In one retrospective cohort study that compared the treatment strategies for patients with intestinal diffuse large B-cell lymphoma, the 3-year overall survival rate was 91% in the surgery plus chemotherapy group and 62% in the chemotherapy-alone group (P<0.001). Surgical resection followed by chemotherapy may be an effective treatment strategy for localized intestinal lymphoma [11].

For aggressive or multifocal disease, resection before chemotherapy may not be technically feasible or advisable because of the extent and location of the disease, as well as the resulting delay in chemotherapy necessitated to allow sufficient tissue healing. In a systemic review of 28 studies of primary gastrointestinal NHL, definitive statements regarding its survival benefit remain limited due to lack of patient stratification based on timing and indication for surgery, and survival outcomes were not typically stratified by emergent versus elective surgery [12]. The decision to resect a gastrointestinal lymphoma before chemotherapy depends on several factors, including the location and extent of the disease, the pace of the disease, the presence of hemorrhage, and whether resection would result in long-term complications such as short-gut syndrome [8].

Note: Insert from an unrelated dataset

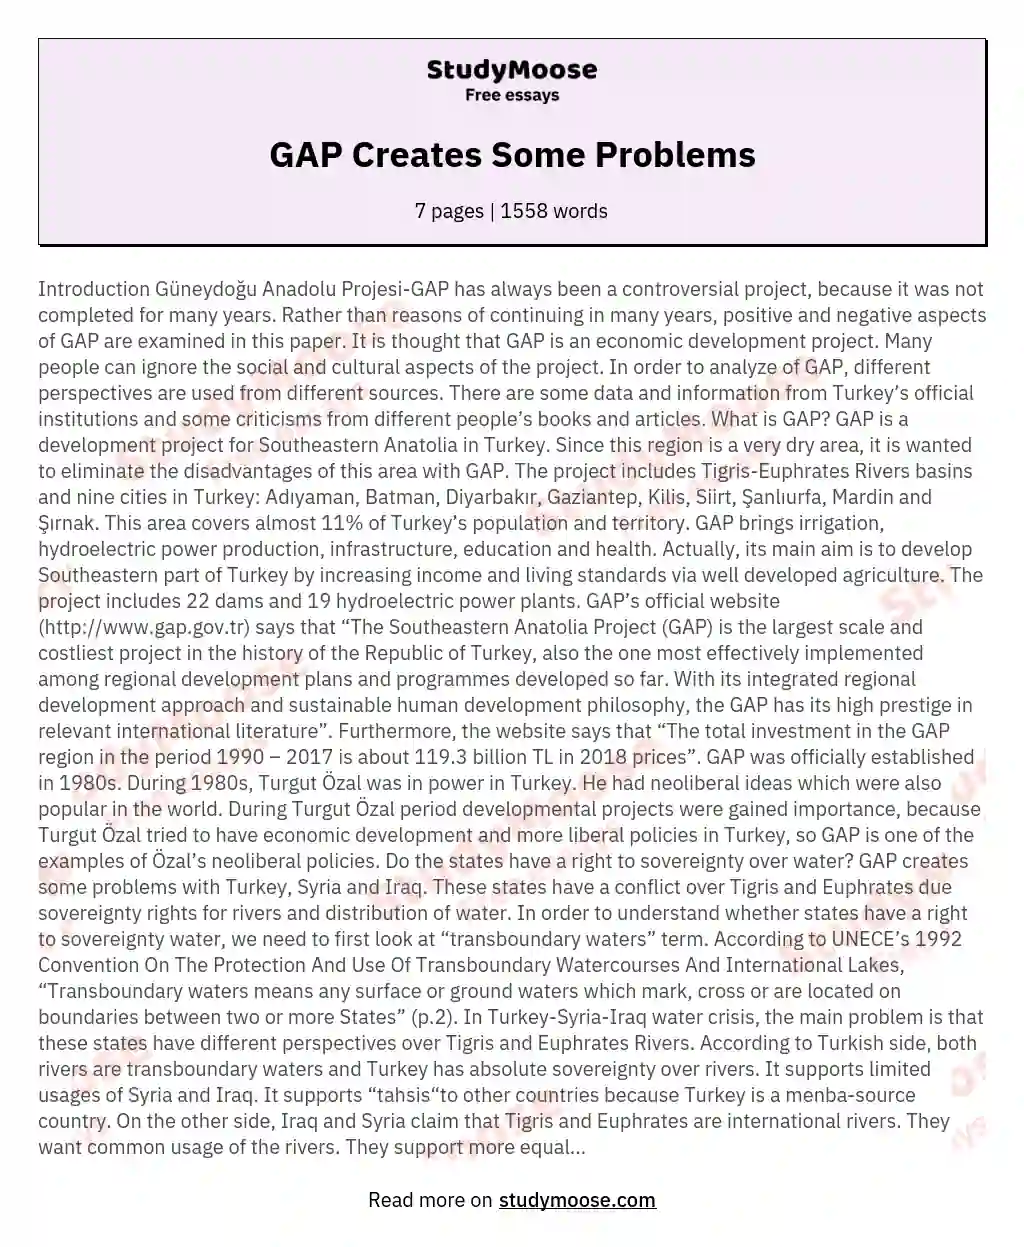 GAP Creates Some Problems essay

As shown in this case, complications such as bleeding and perforation should always be kept in mind for treatment of small bowel lymphoma. Although the principal treatment for advanced lymphoma is systemic chemotherapy, surgery is necessary for the complications of small intestinal lymphoma. After surgery of the small bowel, subsequent chemotherapy could cause wound dehiscence and perforation; therefore, adequate recovery time should be given before chemotherapy.